CONTRARY to the beliefs of non-participants, angling – and in particular fly fishing – is not about long periods of boredom interspersed with the odd burst of excitement over an actual catch. Casting a fly over a rising salmon is a time of deep concentration, finger clenching tension, and soaring hope.

And if you have crossed the Atlantic to fish for salmon in the Canadian wildness and, if your are like me, accustomed to the peace and quiet of a British riverbank, you can add another much more disturbing emotion: fear!

I once visited friends in Nova Scotia where I planned to spend a week or so salmon fishing. Before doing so, I was warned what to do if I happened to share a promising stretch of fast flowing water with a fisherman much better - and bigger - than me: a brown bear.

To bears, desperate to put on fat to carry them through their long winter hibernation, a good autumn catch of salmon is a matter of life or death. And although brown bears are not normally prone to attacking humans, unlike their bigger grizzly cousins, they can get a little cross with people who rob them of their supper. You are advised not to run away, but to face them and, very slowly, withdraw, walking backwards if possible, as if leaving the chamber of a medieval king.

As it happens, I never had to make use of this advice because, the day we arrived on Canadian soil, the Nova Scotia forests were closed down for fear of fire because of a summer long draught. My son and I ended up fishing for mackerel in the sea, something we could have done from Brid.

But the memories of this came flooding back a few days ago when it was revealed that the owner of a 75,000 acre estate in the Lake District – only 30 miles of so from the northern tips of the Yorkshire Dales National Park - was considering the latest in-trend for ultra-conservationists, re-wilding.

If you have not heard the word before, I can guarantee that you will hear a lot of it in the future because it means letting large areas of Britain go back to nature – nature as it was many hundreds of years ago when wolves, wild boar and lynx roamed the land. In central Europe, they are even re-introducing wild bears, much to the chagrin of local farmers, for bears can and will kill cattle as well as sheep and goats.

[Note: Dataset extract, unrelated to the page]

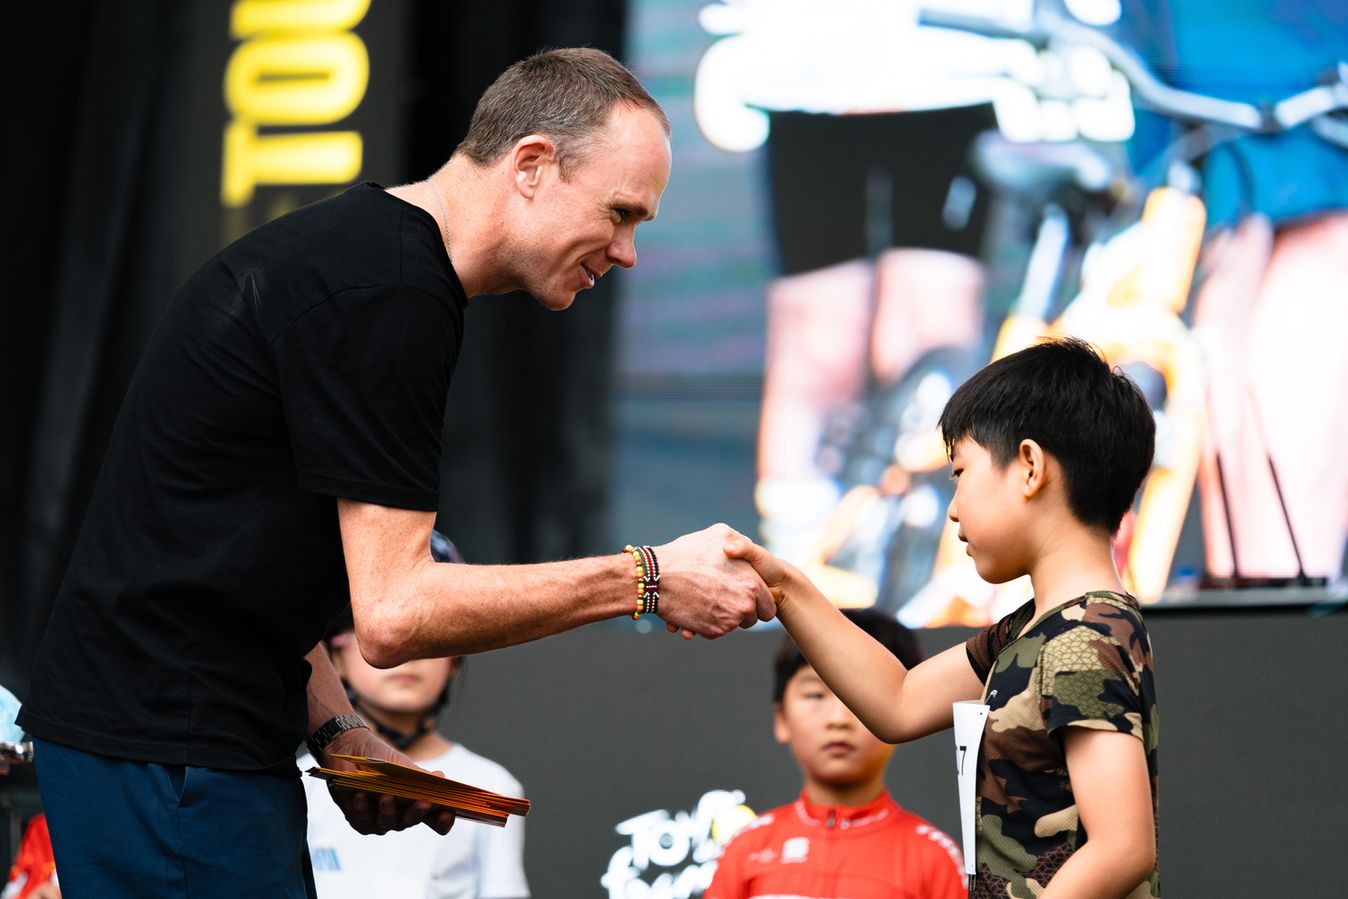 Froome remains one of cycling's most visible ambassadors, and takes enjoyment out of spreading his passion for the sport 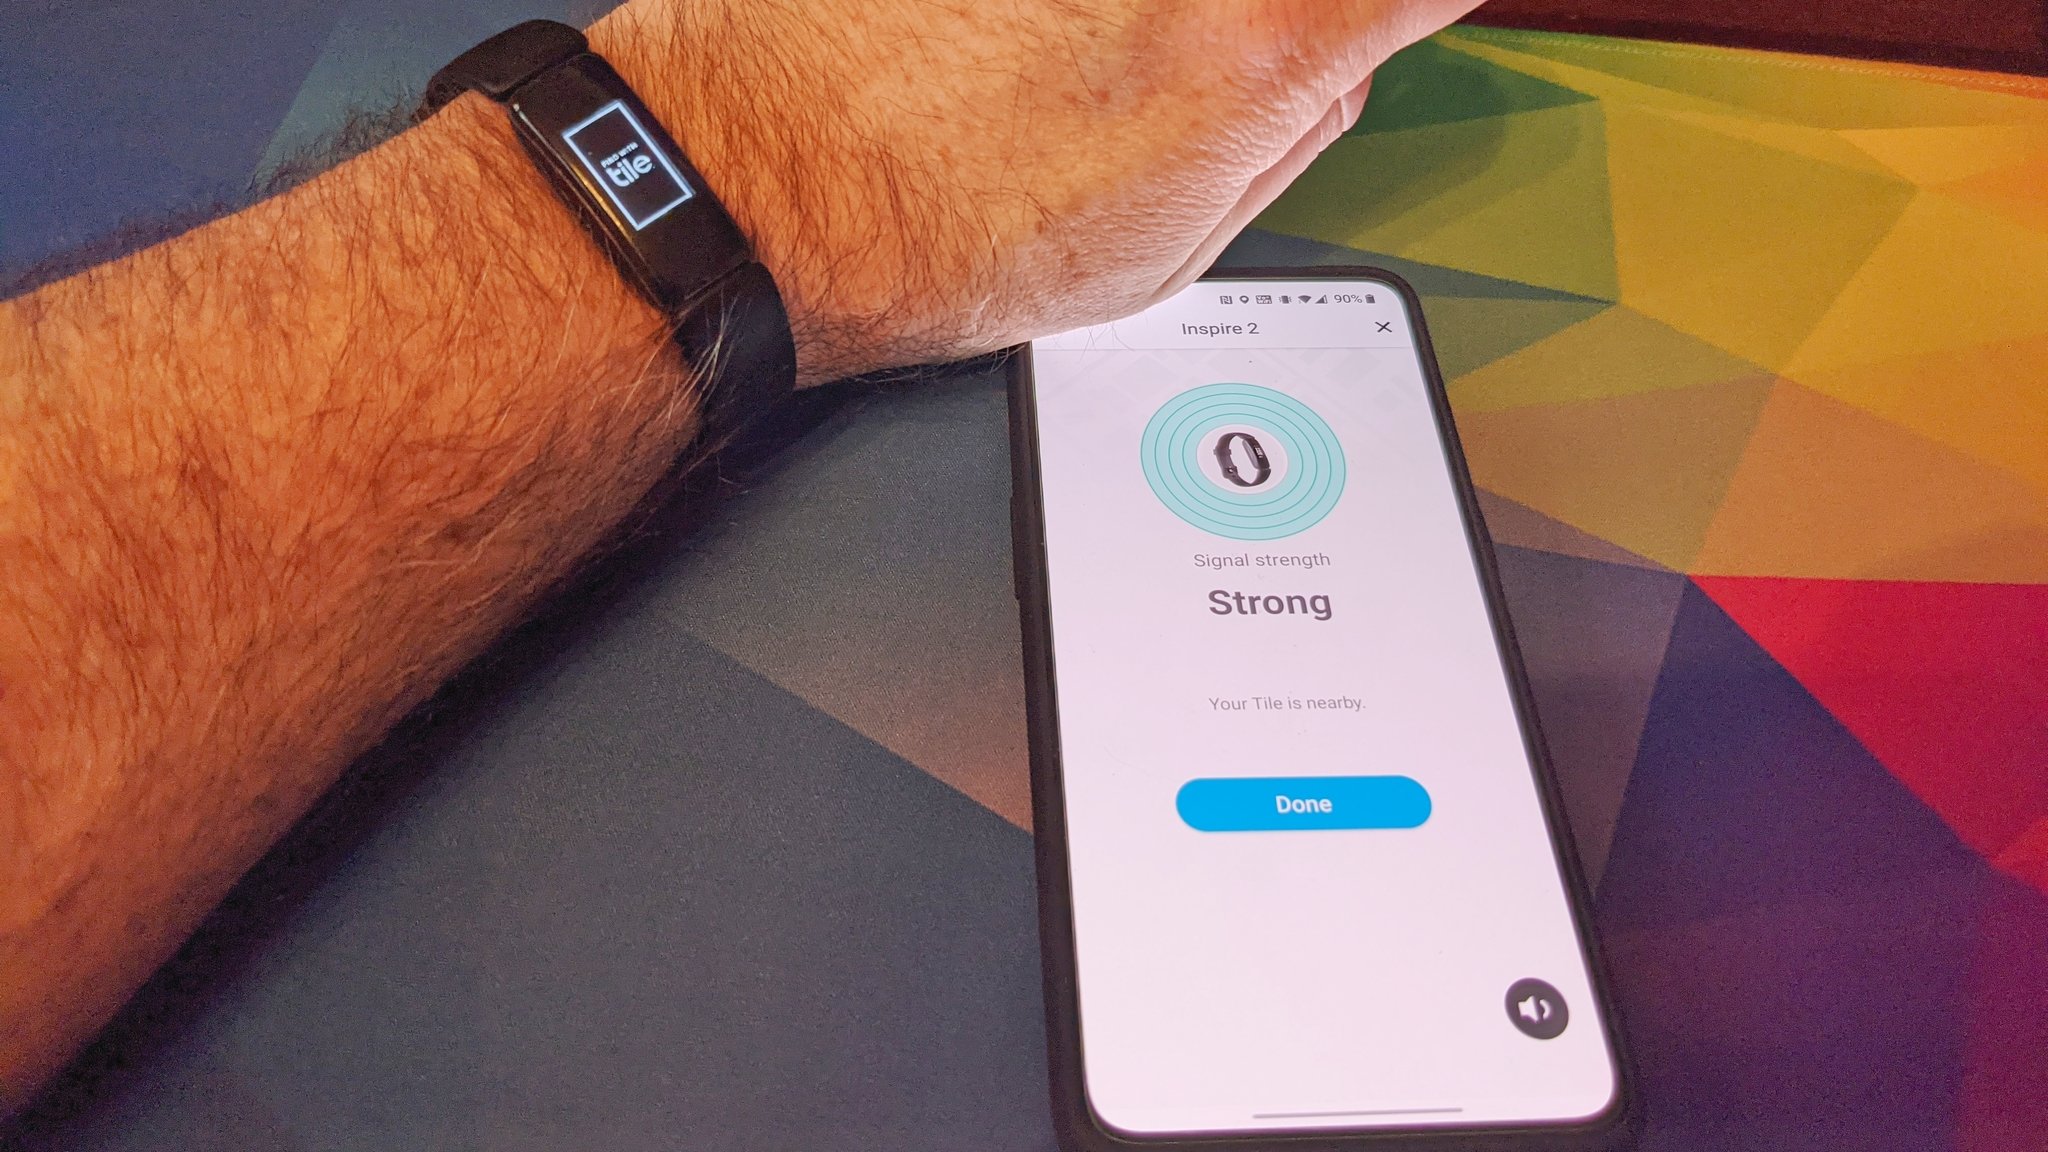 Tile App Integration: Understanding The Purpose Of The Tile App For Fitbit

It is already happening here in parts of Scotland, where a rich laird is planning to release wolves to cull burgeoning numbers of red deer which can do enormous damager to forestry businesses a well as devour large areas of grazing. Now I can't guarantee this, but if I were a red deer I think I would prefer to be culled by a bullet from an expert marksman – the present practice – than be hunted down by a snarling pack of wolves.

They have also re-introduced beaver in some parts of Scotland, much to the dismay of riparian rights owners, for beavers by nature build dams which, in the shallow upper reaches of famous salmon rivers, block the entry of fish to the breeding grounds: salmon spawn needs fresh, fast-flowing water to hatch and thrive.

I am obviously biased here, and I admit it, but the salmon is already a threatened species in Britain so to place it in further jeopardy for what is, I believe, merely a rich man’s whim is taking conservation a step too far. As far as I know, no-one as yet wants to re-introduce wild bear to our salmon rivers...

However, there is a pretty ominous side to Jim Lowther’s plan to re-wild that huge Lake District estate, according to a report in the Sunday Times. Lowther, whose elder brother the Earl of Lonsdale has just put one of the Lake District’s most famous mountains, Blencathra, up for sale, is said to consider sheep grazing pastures as “environmentally sterile.”

And he said to be considering refusing to sign CAP subsidy payment documents for his tenant farmers unless they stop grazing some of their sheep to allow the landscape to return to its natural state of scrub, heather and peat – exactly the opposite to what has happened here in the Dales where our famous landscape, beloved of tourists and the many businesses which rely on them, has been created by our farmers.

Without those subsidies, some of the Lakes farmers would go bust, says the Sunday Times. So far, I am unaware of large-scale re-wilding plans here on the Dales although the re-introduction of birds of prey like hen harriers and red kites has not gone down well with some – but by no means all – game keepers.

But, pretty, pretty, please, estate owners don’t make me have to keep looking over my shoulder when casting a fly on the Aire, the Ribble, the Ure or the Wharfe. I am too old to be escaping from a pack of wolves - or a bear, even walking backwards.